(Data items)
......

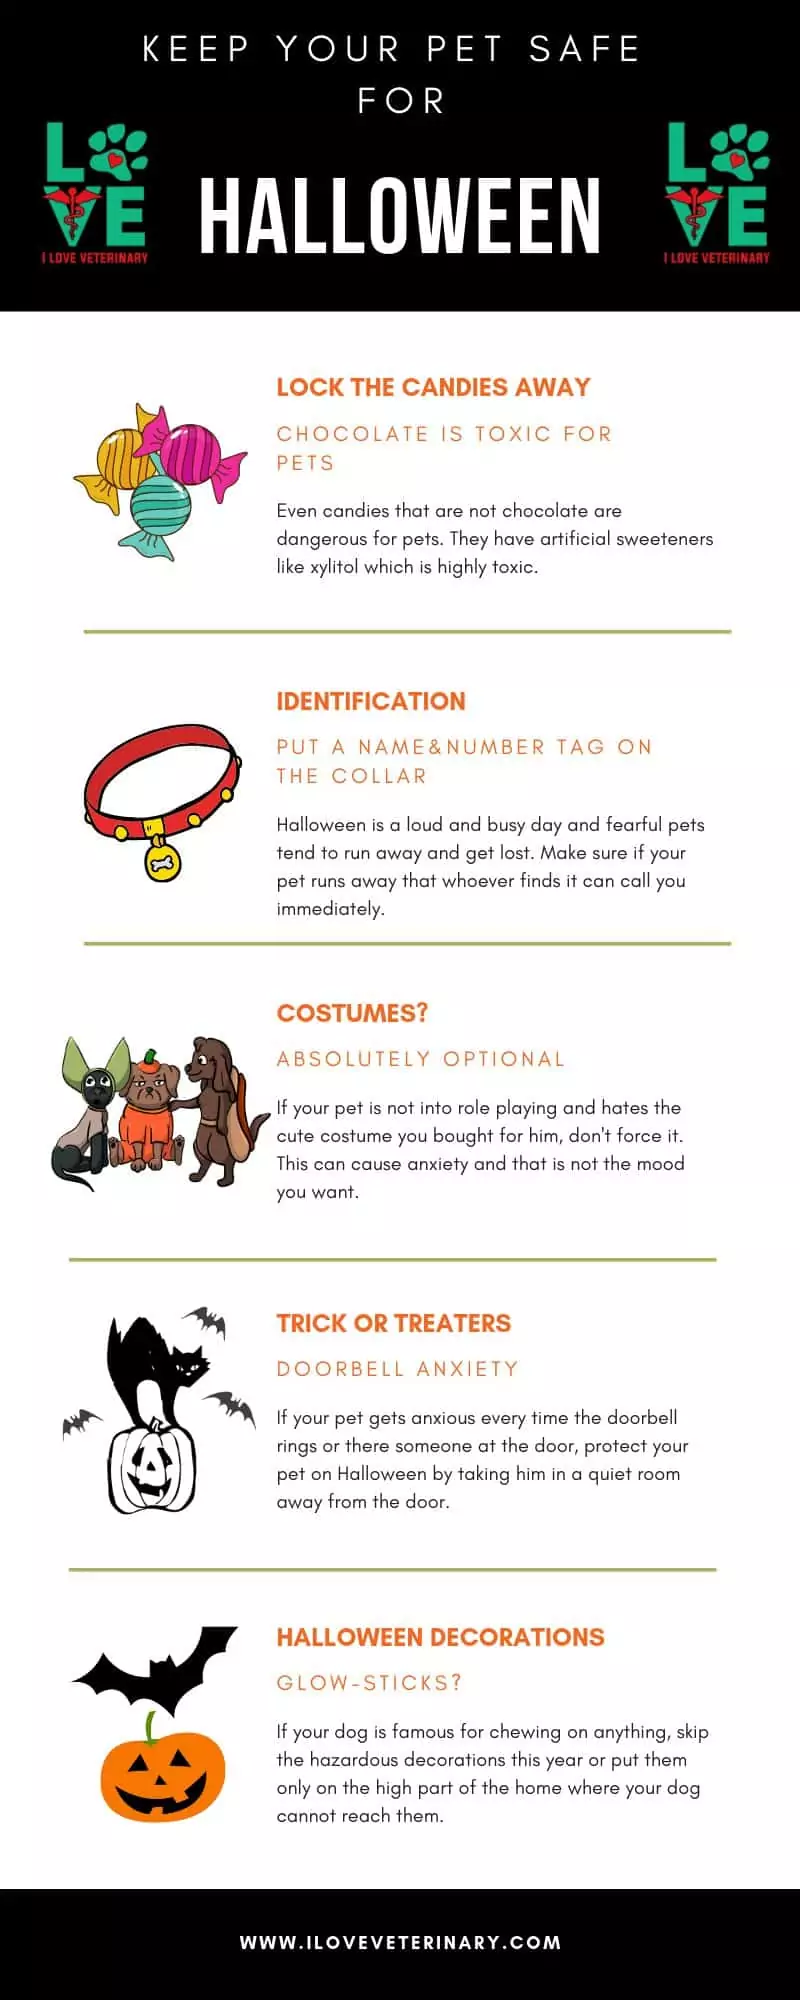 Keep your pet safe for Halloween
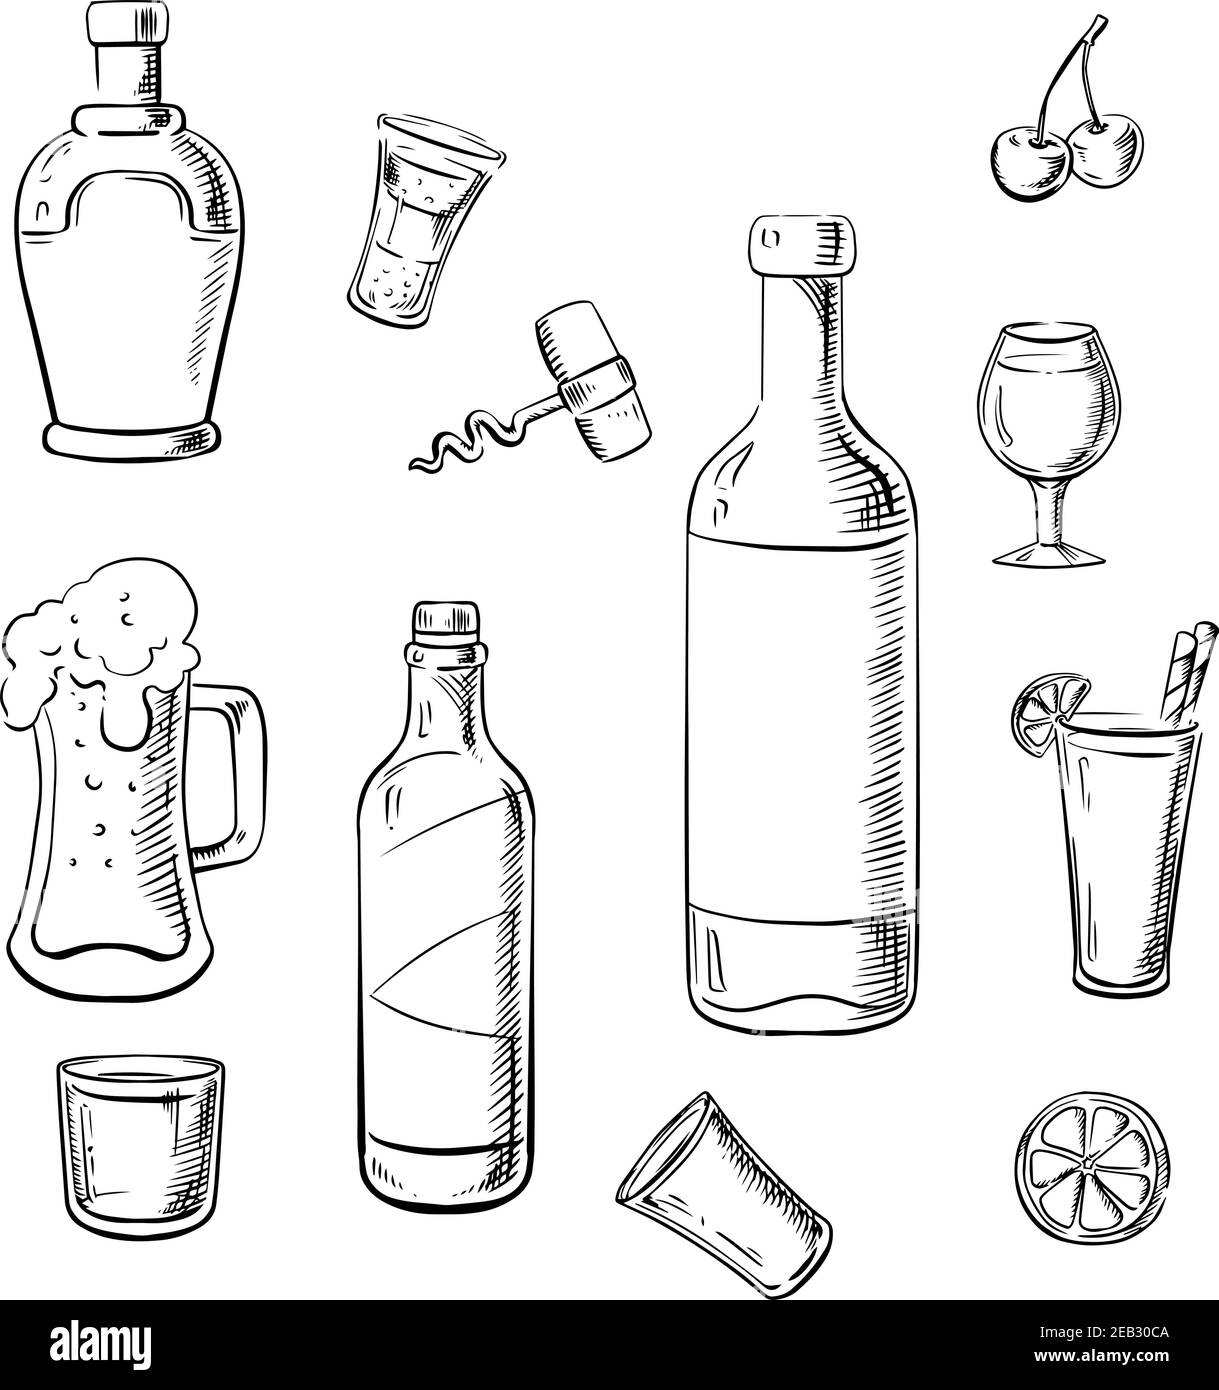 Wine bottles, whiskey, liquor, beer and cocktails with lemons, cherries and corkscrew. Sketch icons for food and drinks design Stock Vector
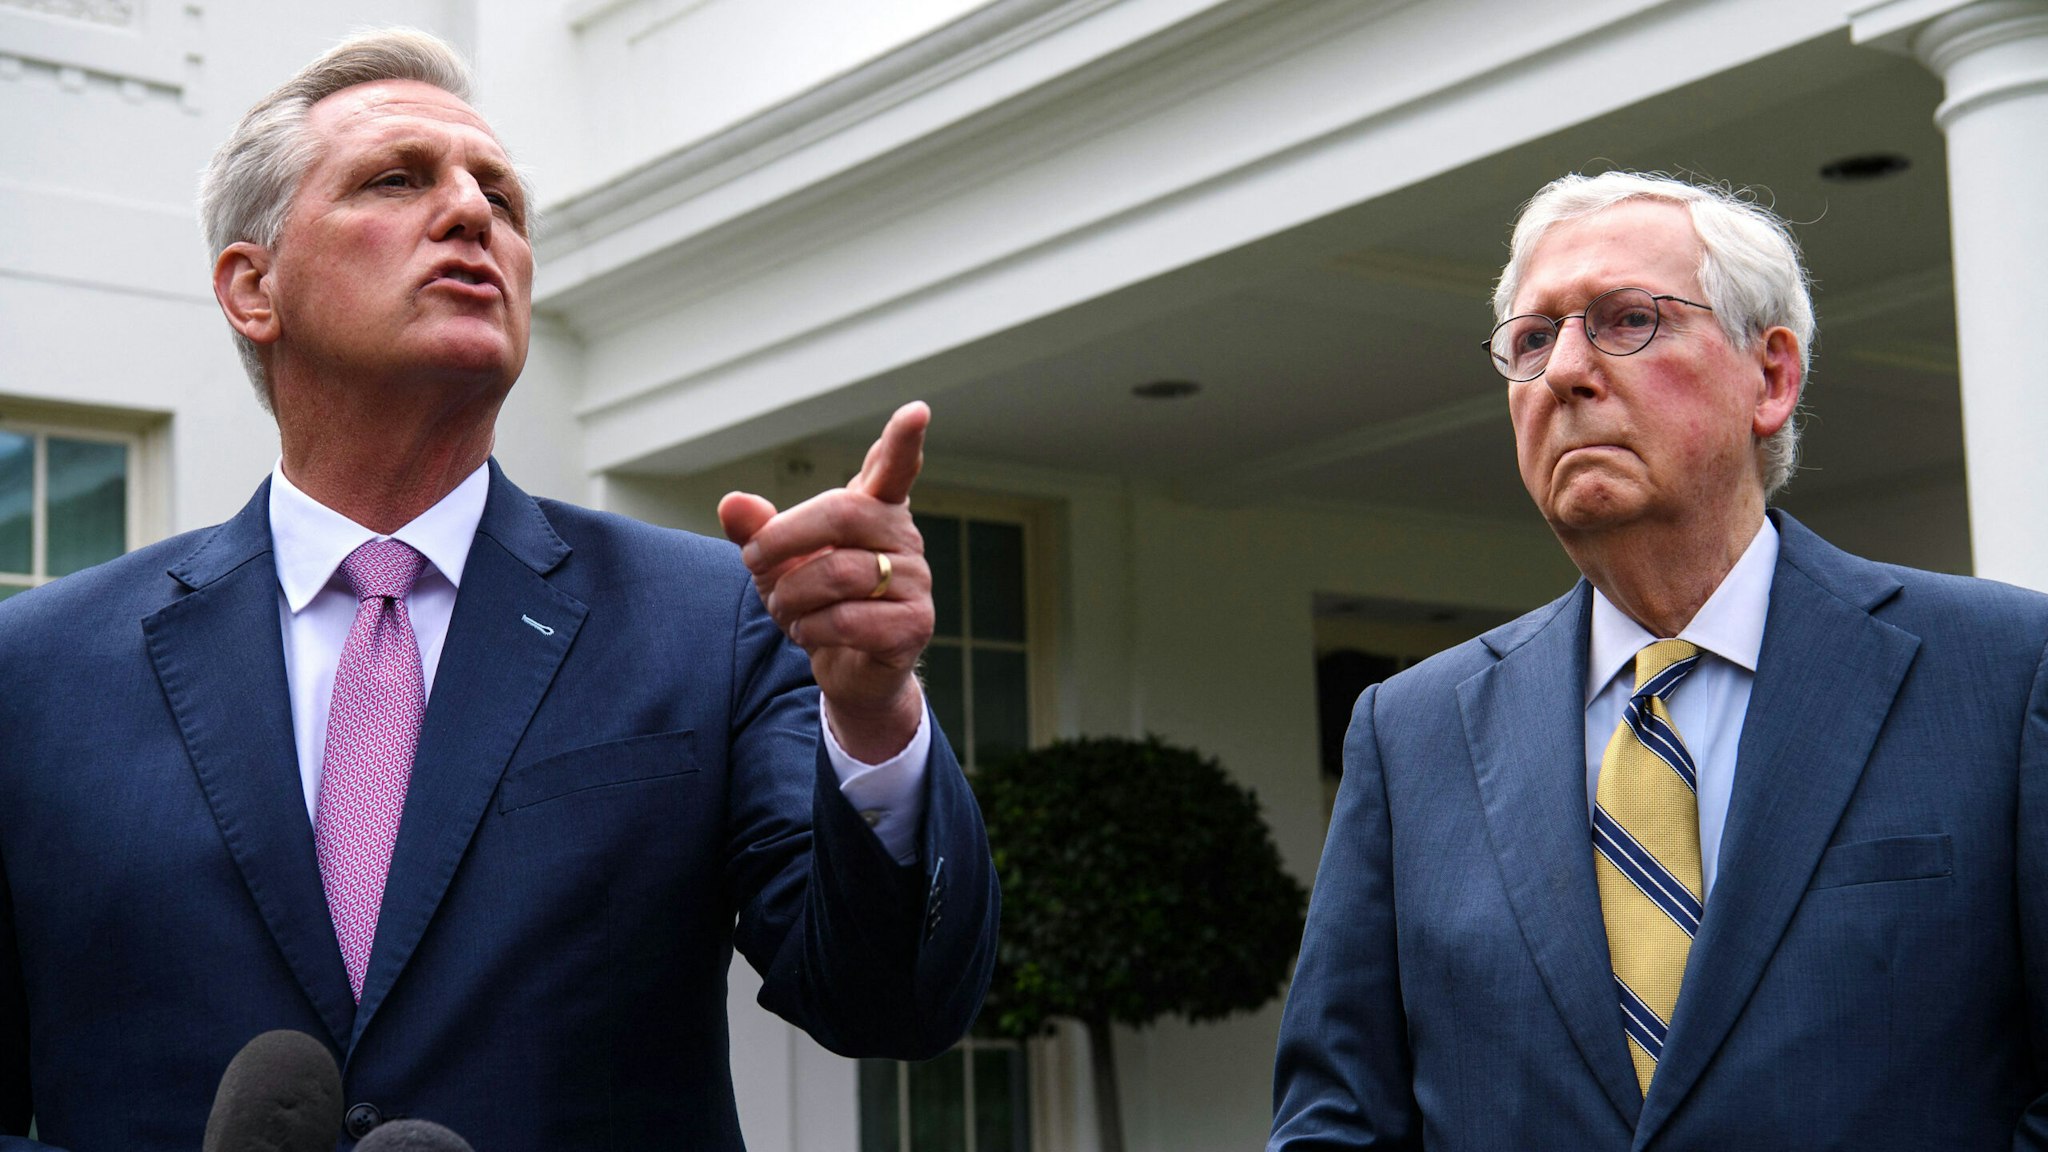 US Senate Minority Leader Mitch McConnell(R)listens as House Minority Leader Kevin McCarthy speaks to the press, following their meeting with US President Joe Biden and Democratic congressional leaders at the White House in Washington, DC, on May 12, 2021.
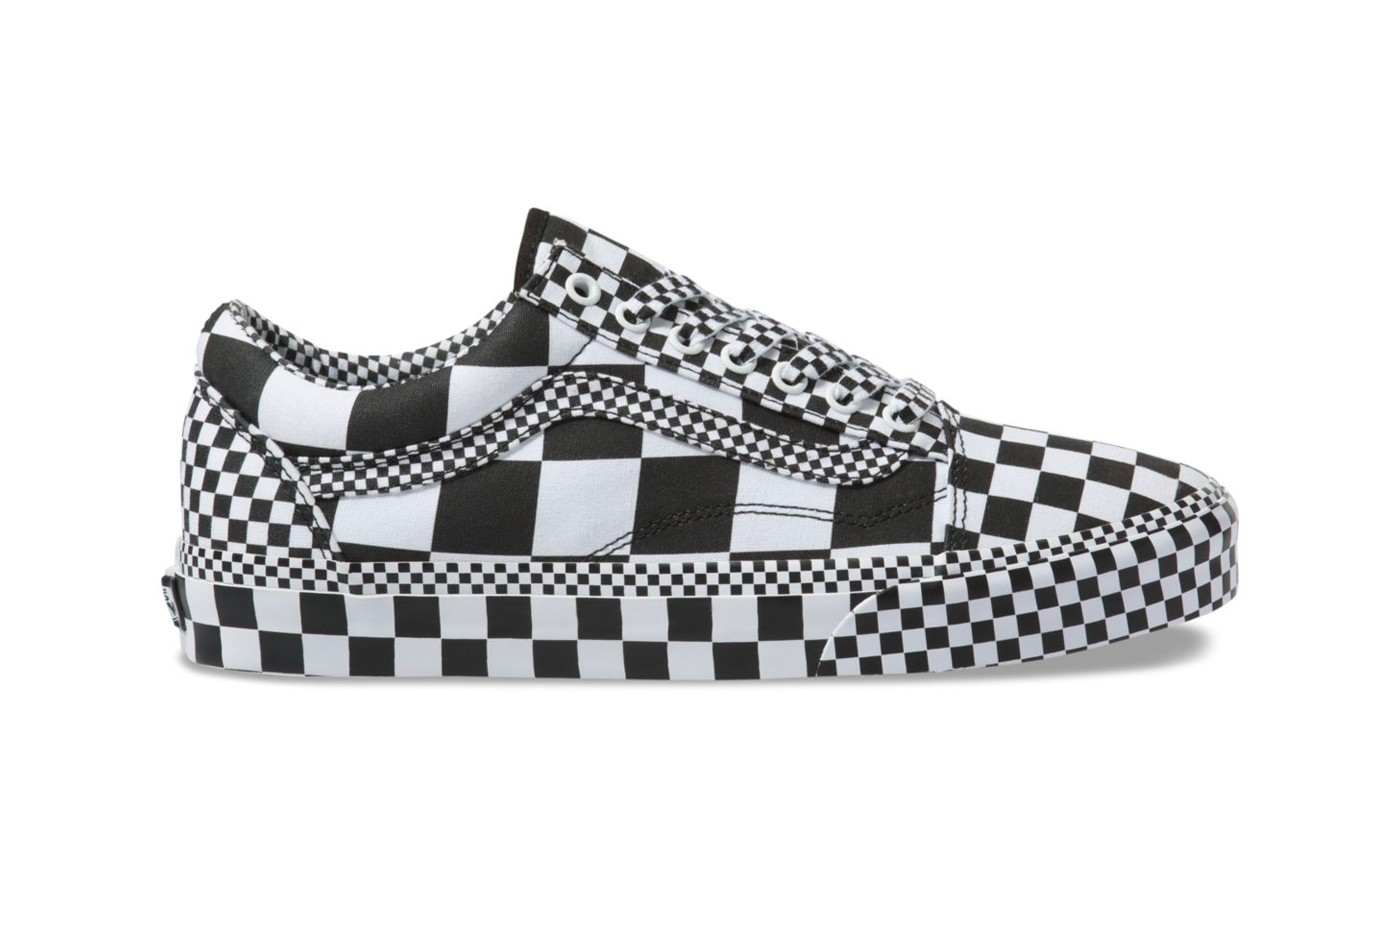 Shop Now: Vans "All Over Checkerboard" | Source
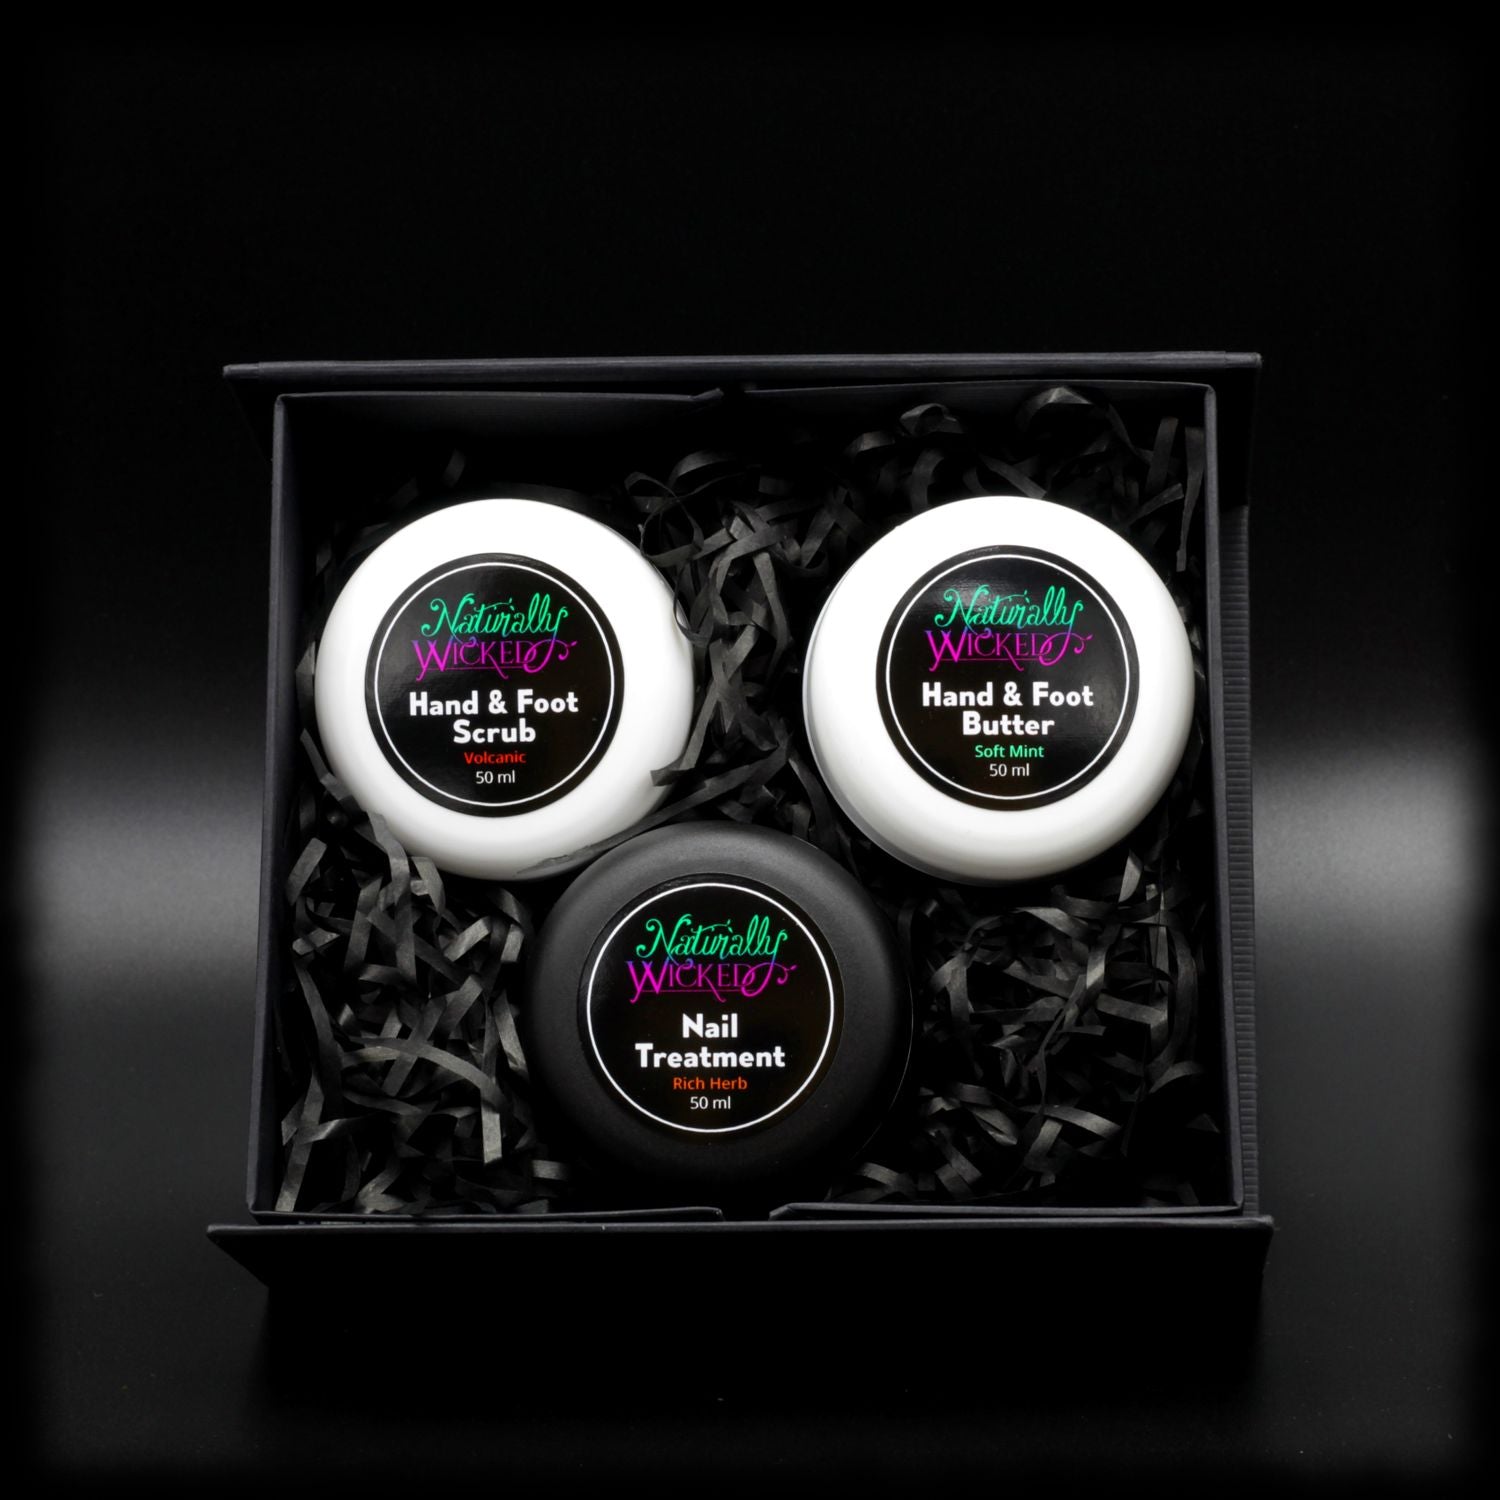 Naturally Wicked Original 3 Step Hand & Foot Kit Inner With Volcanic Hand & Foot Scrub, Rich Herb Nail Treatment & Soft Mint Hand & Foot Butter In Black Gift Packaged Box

......

*ACTIVITY*
Using the data above, retype exactly the lines from the line with "US Senate Minority" to the line with "Shop Now: Vans", inclusive. No pictures and nothing else.

*RESPONSE BELOW*
 US Senate Minority Leader Mitch McConnell(R)listens as House Minority Leader Kevin McCarthy speaks to the press, following their meeting with US President Joe Biden and Democratic congressional leaders at the White House in Washington, DC, on May 12, 2021.
 Shop Now: Vans "All Over Checkerboard" | Source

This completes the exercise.